Records supplied:
══════

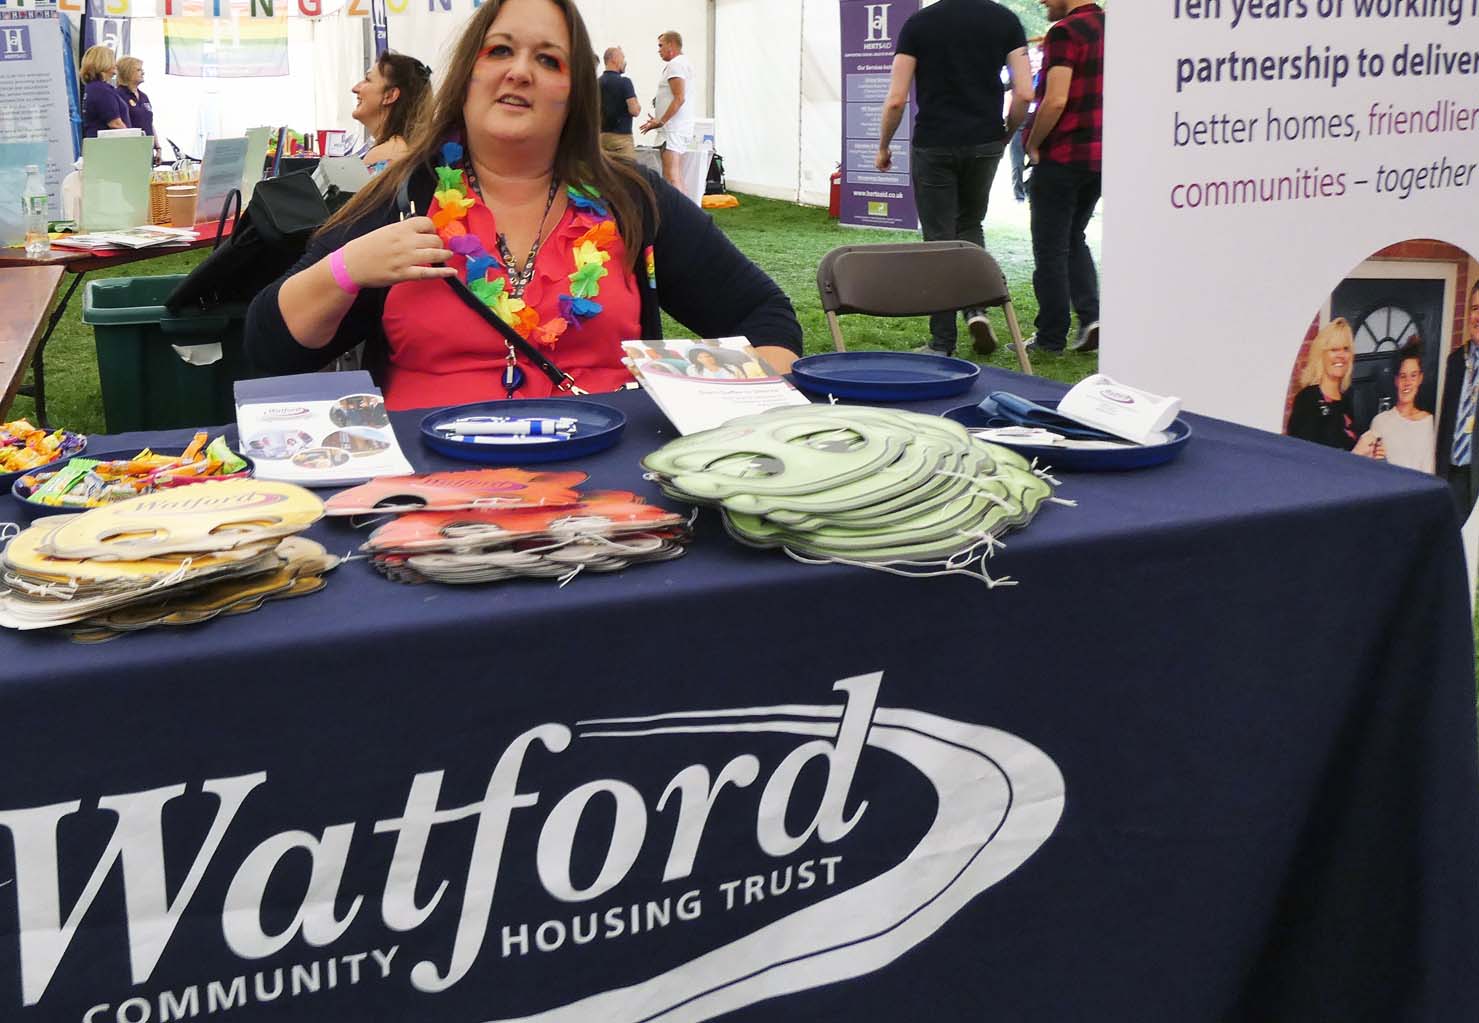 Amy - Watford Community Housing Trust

══════

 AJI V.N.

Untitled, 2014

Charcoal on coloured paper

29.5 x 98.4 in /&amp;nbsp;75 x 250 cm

══════

What to do: Please return only the lines above, starting at the line that has "Charcoal on coloured paper" and ending at the line that has "29.5 x 98.4 in /&amp;nbsp;75 x 250 cm", keeping both and leaving each one unchanged.

Your solution:
Charcoal on coloured paper

29.5 x 98.4 in /&amp;nbsp;75 x 250 cm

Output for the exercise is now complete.